The Ministry of Commerce Will Open a Portal to Handle Non-Tariff Barriers

July 3, 2024: 

The Indian Commerce Ministry is going to introduce a comprehensive online platform to assist exporters in navigating the non-tariff barriers (NTBs) they confront, which is a key step in strengthening India’s export landscape. With regard to minor export items in particular, this program seeks to bridge the knowledge gap and expedite the settlement of these obstacles with relevant nations.

Simplifying the Registration and Resolution of Complaints

Tradesmen will be able to file complaints against NTBs through the new portal, and the ministry will handle them from there. “A portal to prioritize all NTBs is being developed. A senior ministry official clarified, “Traders will submit their concerns, and the ministry will pursue them. Prioritizing trade obstacles that impact big volumes of goods is part of the ministry’s goal to ensure that major trade issues are resolved quickly.

This project is a response to the Global Trade Research Initiative’s (GTRI) recommendations, which emphasize how critical it is that India address the non-tariff barriers (NTBs) that local exporters in important markets like the US, China, and Japan face. In order for India to meet its lofty export goal of $1 trillion worth of commodities by 2030, these obstacles must be removed.

The Strategic Advice of GTRI

GTRI has suggested a two-pronged approach to lessen NTBs’ negative effects on Indian exports. This tactic entails modernizing home systems in cases where Indian goods are rejected because of quality problems and taking punitive action if unjustified regulations or standards continue to hinder exports from India. Ajay Srivastava, the co-founder of GTRI, stressed the importance of having discussions with partner nations in order to come up with workable solutions, especially when it comes to laborious prior registration processes and irrational local norms.

Obstacles Indian Exporters Face

Higher pesticide levels, pest prevalence, and contamination issues are major problems for Indian exports, particularly in the food and agriculture industries. Important markets that provide significant obstacles to Indian exports are the US, China, Japan, South Korea, and the European Union. Products that are commonly affected by non-traditional breeds (NTBs) include fish, dairy, poultry, tea, basmati rice, chilies, and different chemical and industrial products.

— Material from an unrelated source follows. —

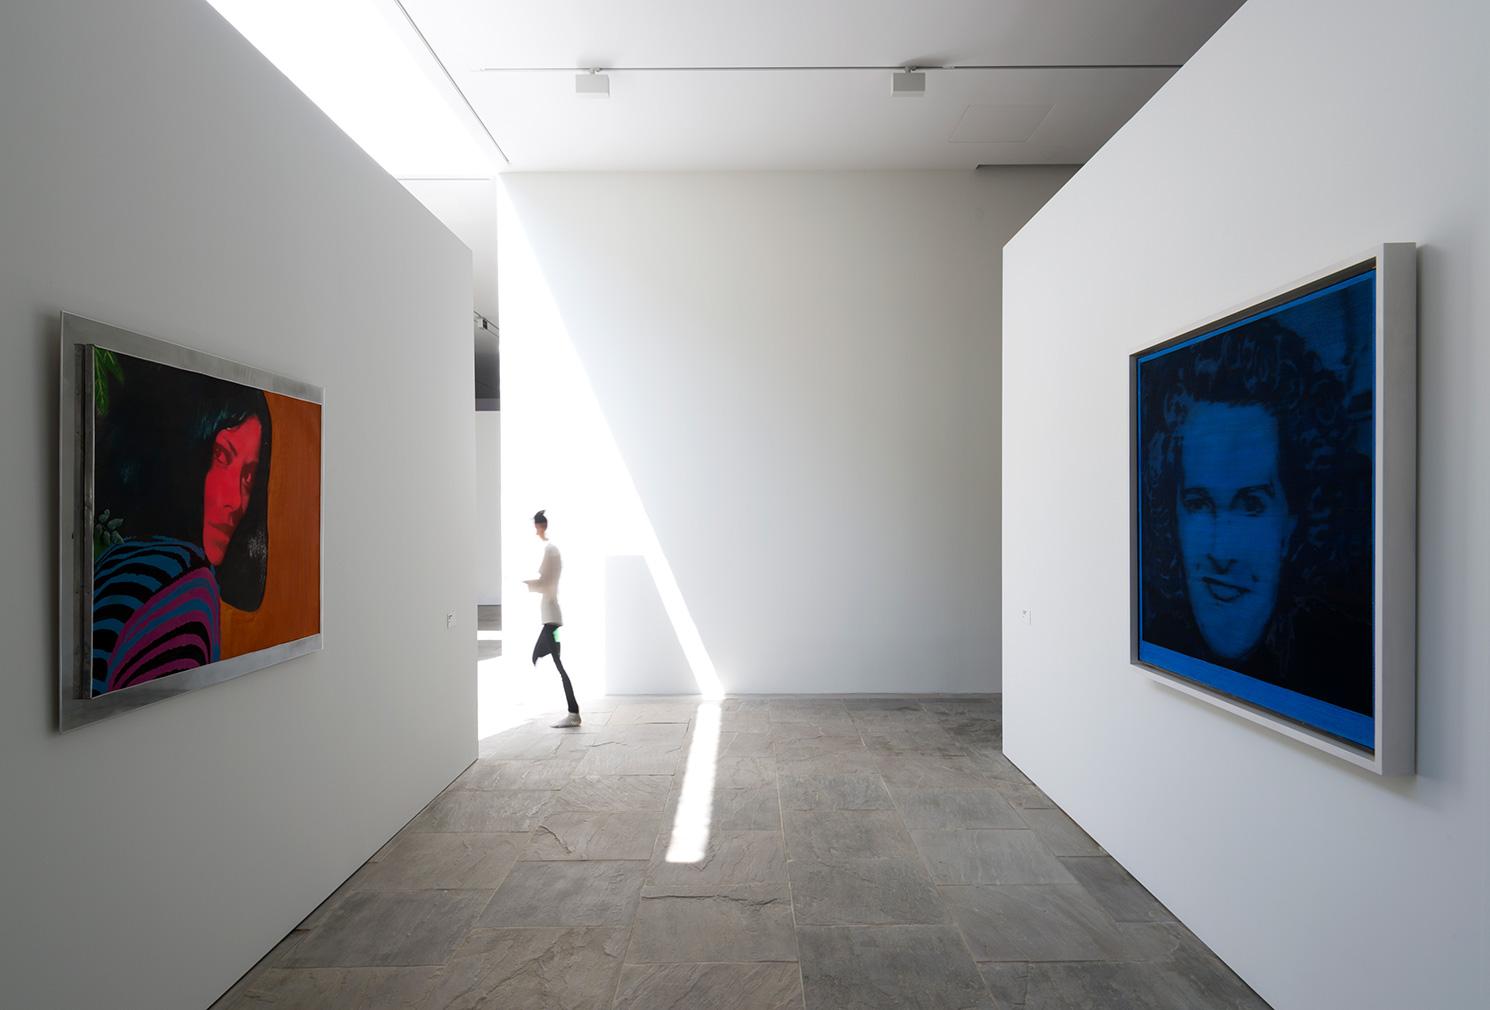 Left to right: Martial Raysse, 'Untitled', 1962. © Adagp, Paris 2018; Gerhard Richter, 'Evelyn (Blau)', 1964. © Gerhard Richter 2018. Photography: Marc Domage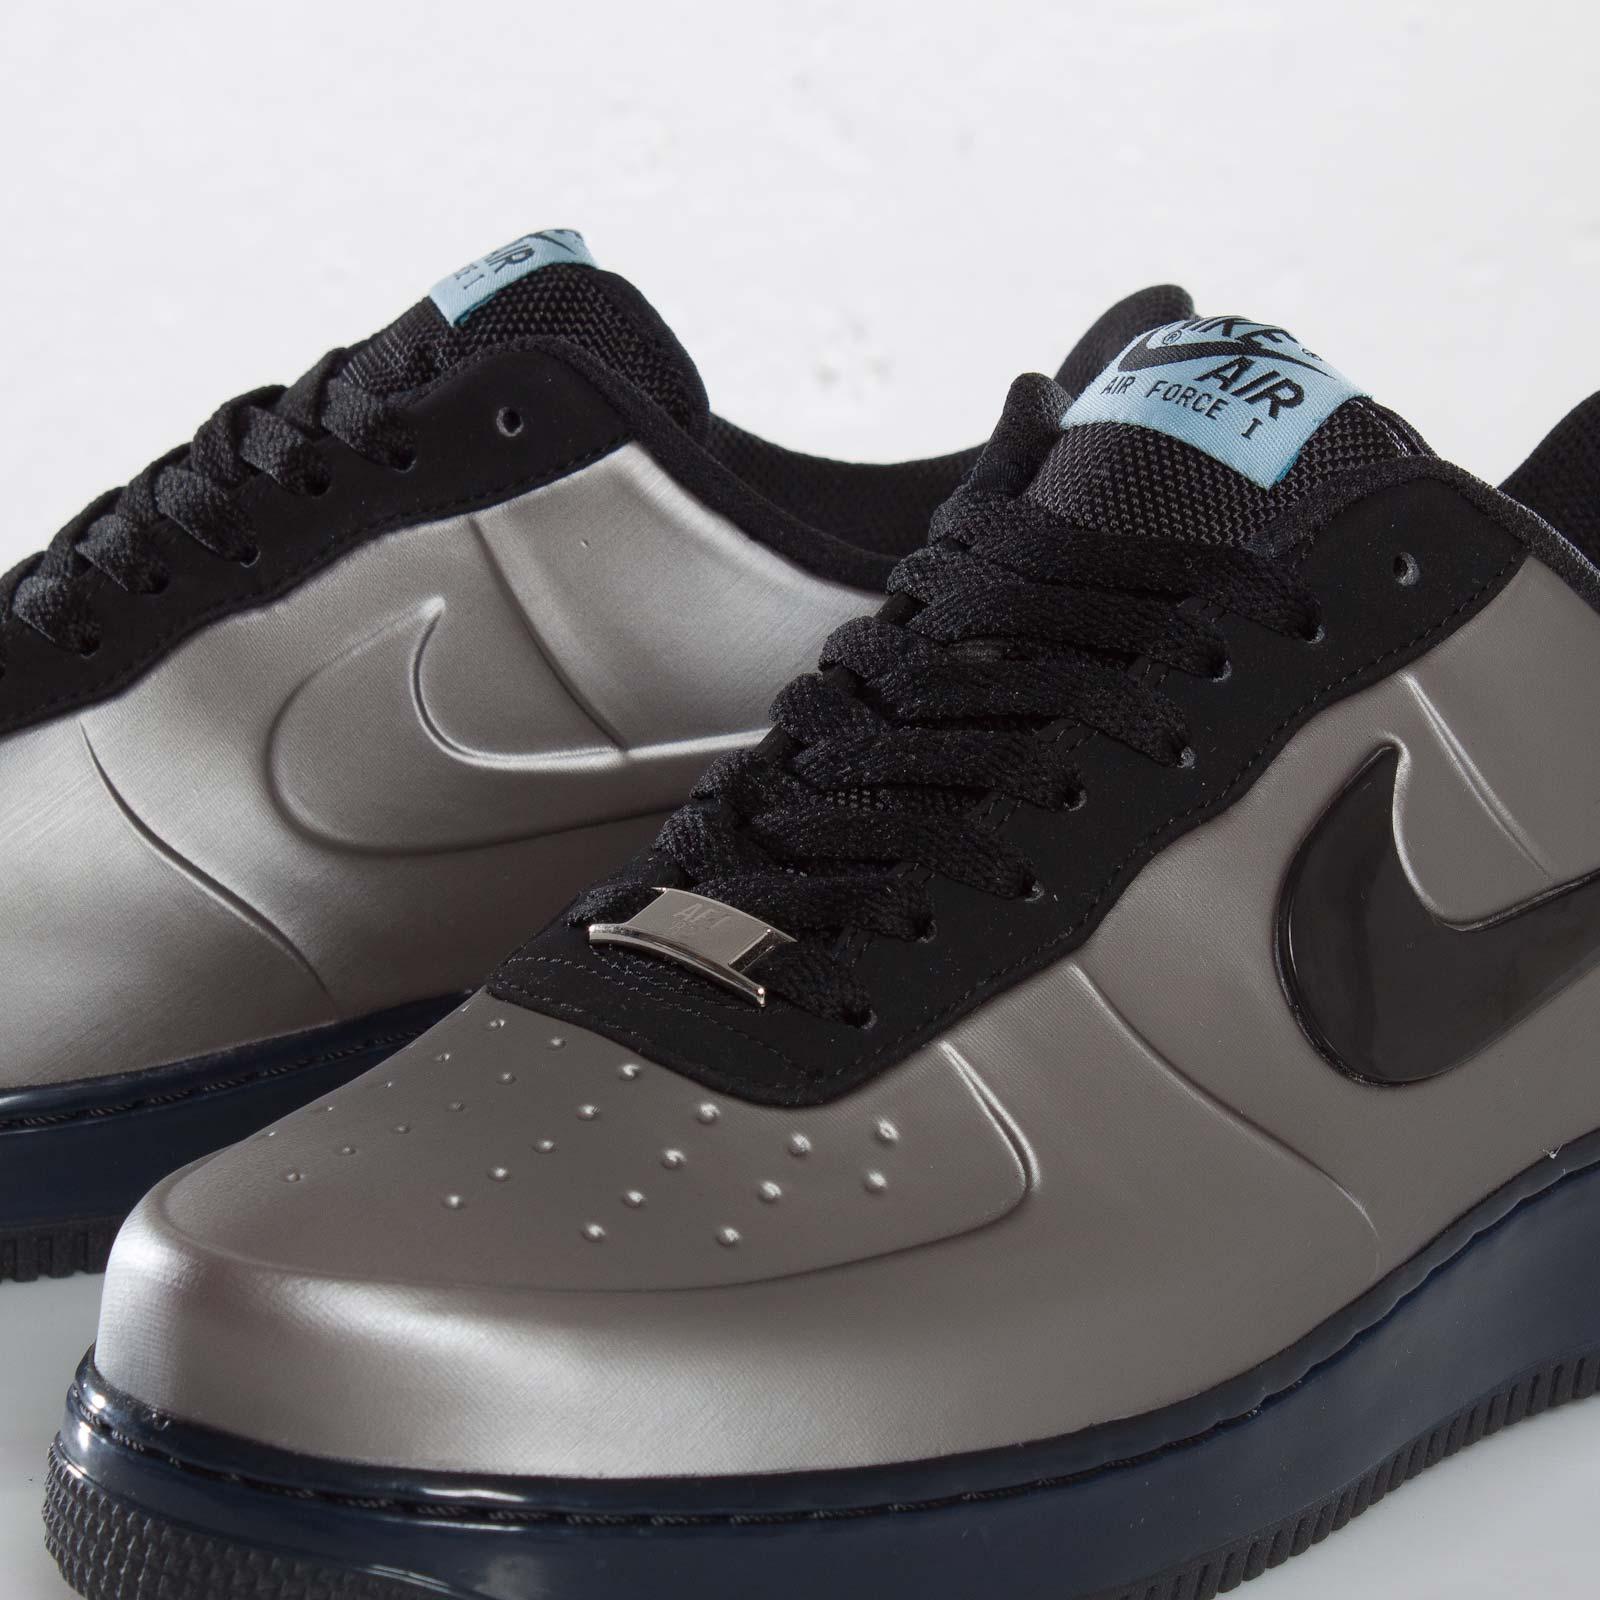 free shipping 8da2a 8120d Nike Air Force 1 Foamposite Pro Low - 532461-001 ...

Depending on the nation and the product, these barriers might take many different forms, from technical rules and import license limits to worries about food safety. Products with greater amounts of pesticides, such as tea, basmati rice, and chillies, are subject to strict regulation in the European Union. Strict domestic regulations frequently hinder Japan’s ability to export sesame seeds, shrimp, and medications. Fruits and shrimps are among the most afflicted products in the US, whereas food, meat, fish, dairy, and industrial products face large NTBs in China.

Establishing a Centralized Framework

The Commerce Ministry is also creating a specialized unit under the Department of Commerce to address these intricate trade issues. This unit will gather all NTB concerns and, if required, bring them up in talks or negotiations with the concerned nations. The goal of this unified strategy is to assist India’s economic growth goals and increase the competitiveness of Indian exports.

Closing the Knowledge Gap

There is now a significant knowledge vacuum about NTBs, particularly with regard to smaller export goods. By giving exporters a simple way to report problems and request government help, the new portal seeks to close this gap. It is anticipated that this endeavor will greatly improve the complaint resolution process’s speed and openness.

Complementing Wider Economic Objectives

The initiative of the Commerce Ministry is in line with the overarching objective of improving the conditions for Indian exporters operating in the international market. The ministry wants to promote the nation’s aggressive export goals and democratize access to crucial trade information by creating a single mechanism for reporting and resolving NTBs.

In conclusion, India’s export environment is about to undergo a radical change thanks to the Commerce Ministry’s aggressive efforts to create an online platform for eliminating non-tariff impediments. In order to ensure that Indian exports realize their full potential in the world market, the ministry seeks to remove trade barriers by utilizing technology and promoting international discourse.